In recent years, Dietrich has introduced several new chocolate varieties that have already become hits. “Last year I found a German spice I’d been looking for for many, many years called lebkuchen, that’s actually the name of a cookie baked in Germany around Christmas time, and put it in a truffle. It has mace, ginger, nutmeg, all those things, and has a holiday taste that goes good with clear wine, hot wine, any kind of wine. Our eggnog, candy cane, and citrus spice truffles are also very popular. And we just finished a new label for chocolate sauce (popular year-round) and are coming out with two more flavors – chili and orange – in 2014.”

But Dietrich fears it’s a dying art. “I remember a time when we had 15 candy stores here in Denver but there’s not that many left now. One of the drawbacks for this kind of business is the cost of rents. We couldn’t go downtown or to Cherry Creek. And so often people lose their leases. I’ve seen many, many businesses come and go. And I’m not sure what the future holds for the chocolate business. The cost of chocolate has gotten so high. We used to have people in the Colfax store pick out a box of chocolates every week for themselves. Now we still sell a lot of clusters to individuals but most of the boxes are for gifts.”

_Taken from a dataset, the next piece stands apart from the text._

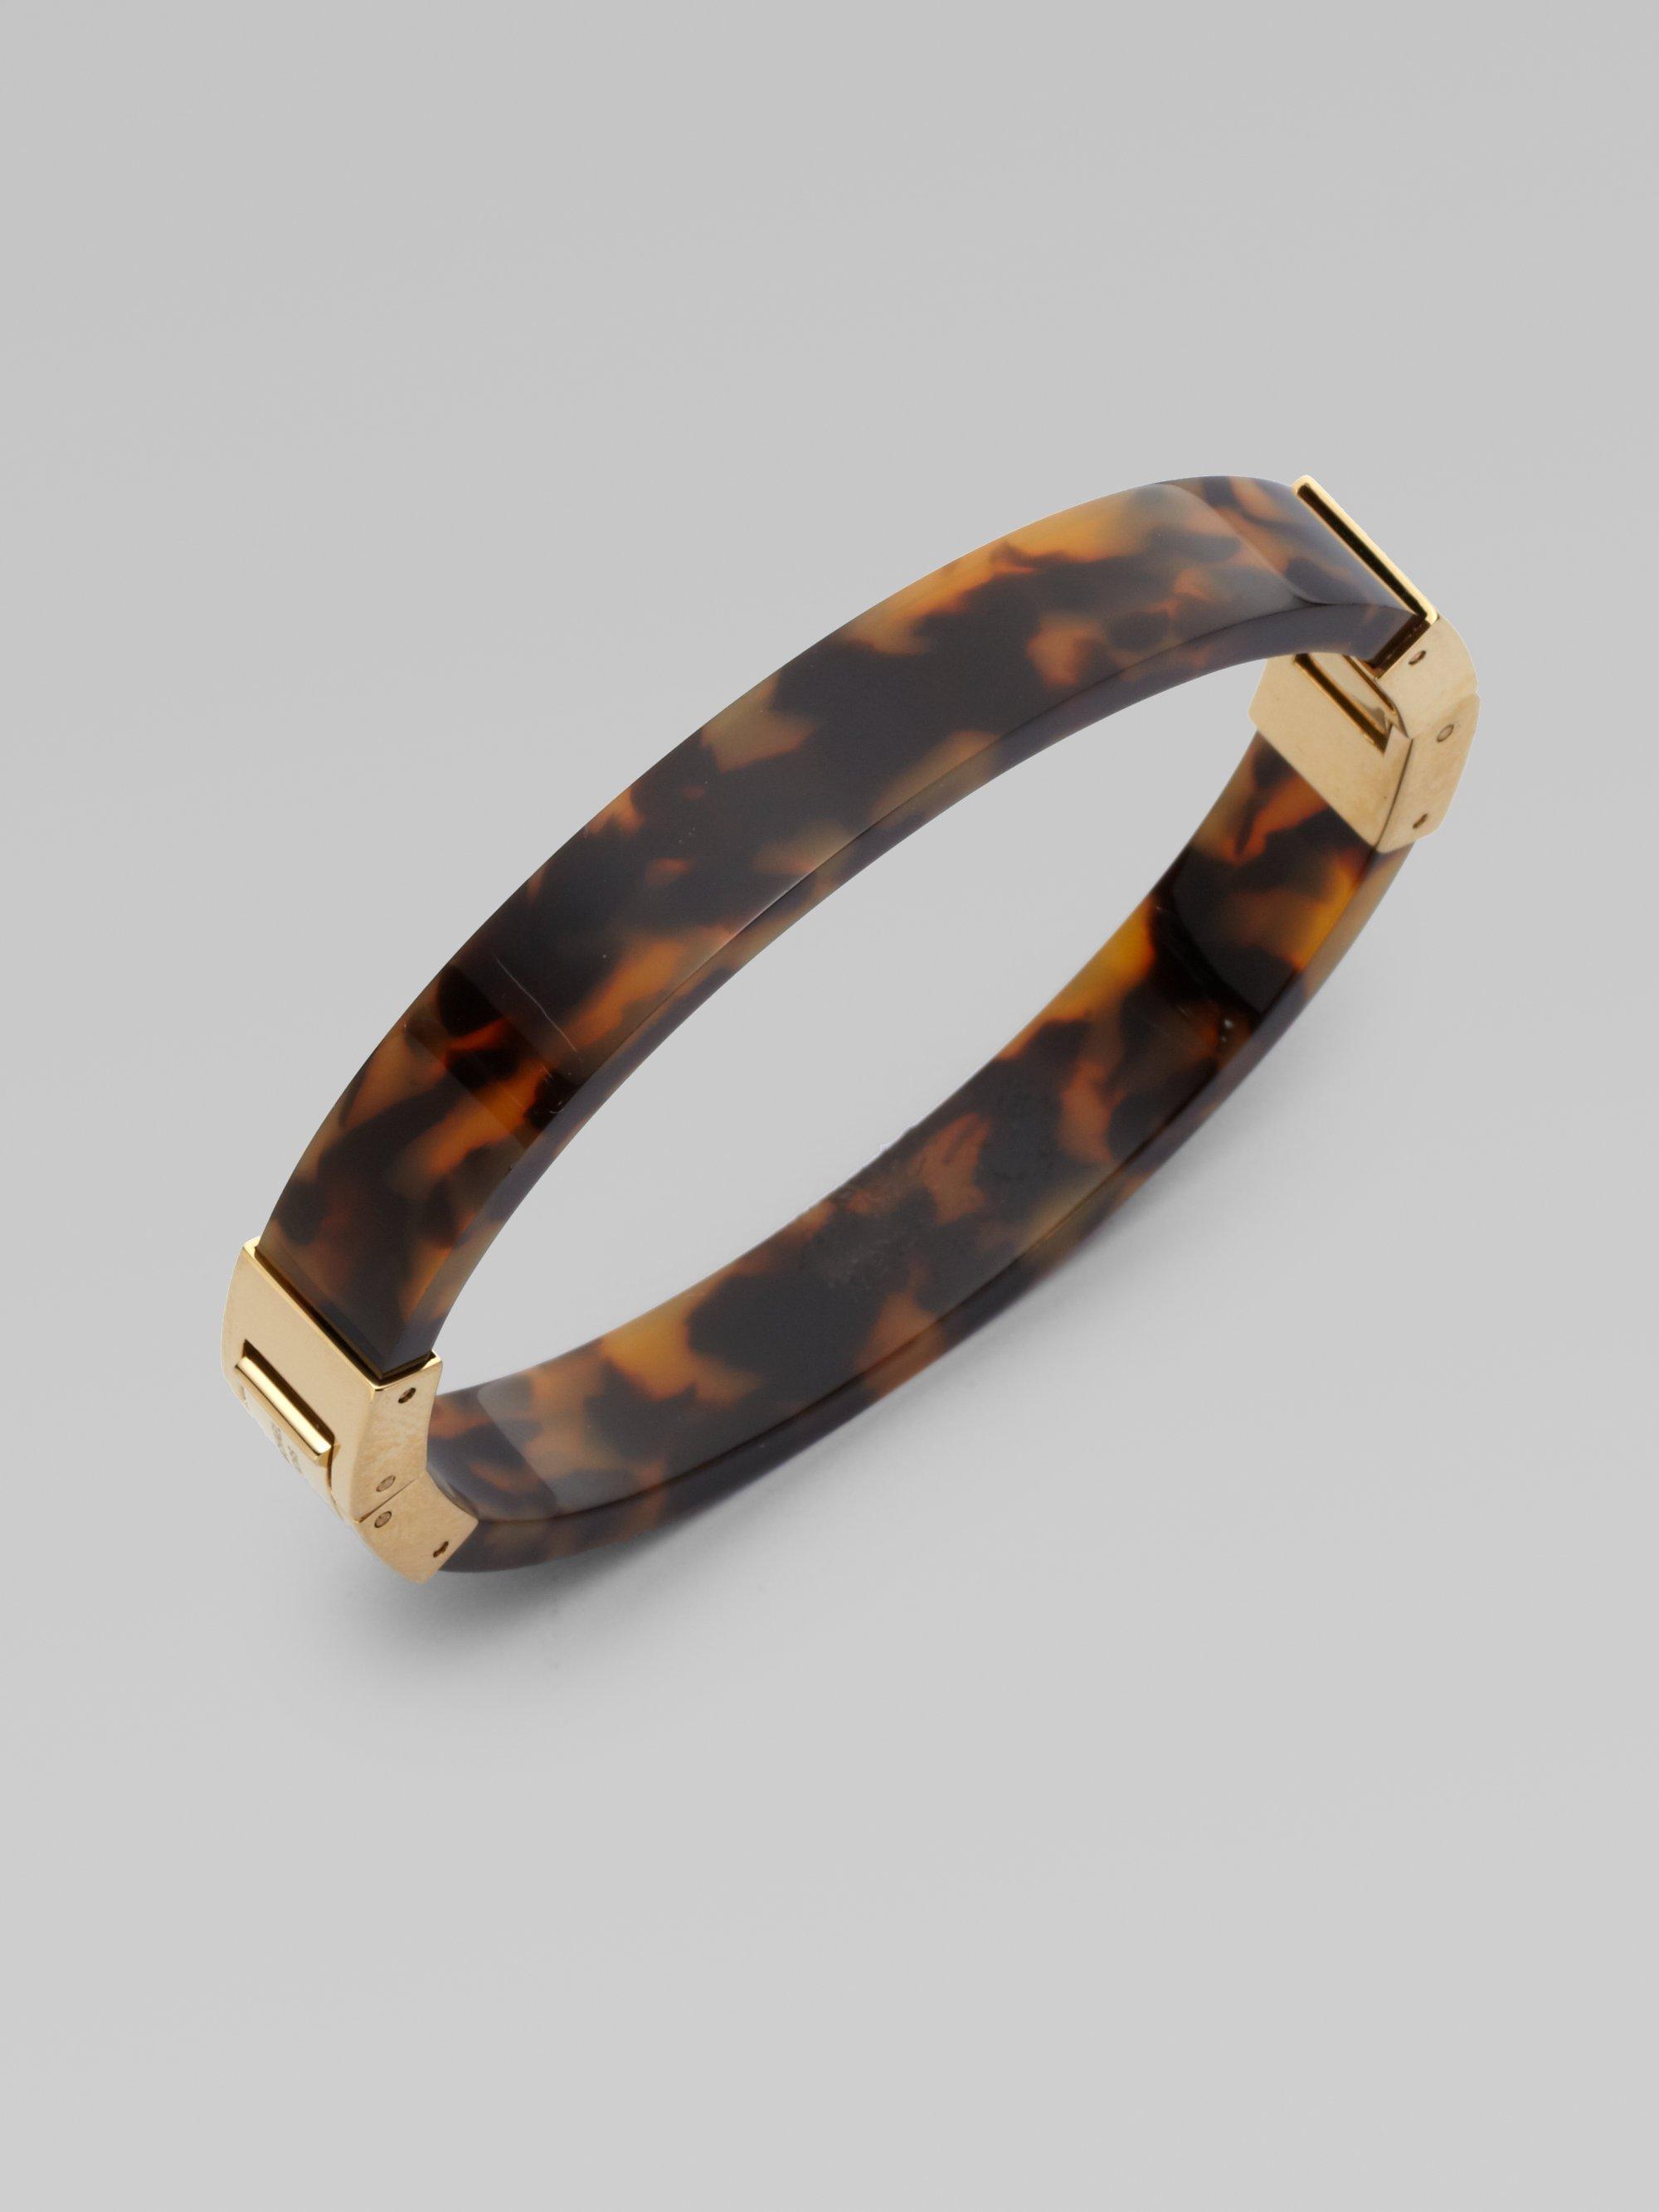 michael kors tortoise print resin bangle bracelet in brown. Black Bedroom Furniture Sets. Home Design Ideas

He also finds increasing local regulation frustrating. “It’s popular for everyone to say we want to help small business. But in 45 years I have never gotten help from the city. All we’ve gotten is more and more fees and regulations. It’s all about revenue raising. This is the direction everything is going and it’s not a good direction.”

In his spare time, Dietrich, who grew up playing soccer, still plays for the Kickers, a German-American soccer club. “We play the national tournament every summer all over. The teams’ ages keep rising and I’m amazed there is now a huge 60-to-65 category and a 65-to-70 category. It’s a social thing where you get to know people over 35, 40 years. We’ve had a lot of fun and Christine comes along. The last national tournament was in Escondido, Calif., and this year it’s in Virginia Beach, so we always make a vacation out of it.”

And despite the challenges, the store and café continue to thrive. “As long as people keep eating chocolate I don’t think we’re in any danger,” Dietrich says. “We’re really just focusing now on keeping this place up and enjoying every day, not going crazy about anything. Christine worked for Craig Hospital for 36 years as an occupational therapist and just retired. A lot of her patients still come here. You develop all these relationships over many, many years. We’re trying to turn it more into a kind of social club now. We only have so much energy left and we just want to sit down and chat with our customers, have a cup of coffee, and enjoy.”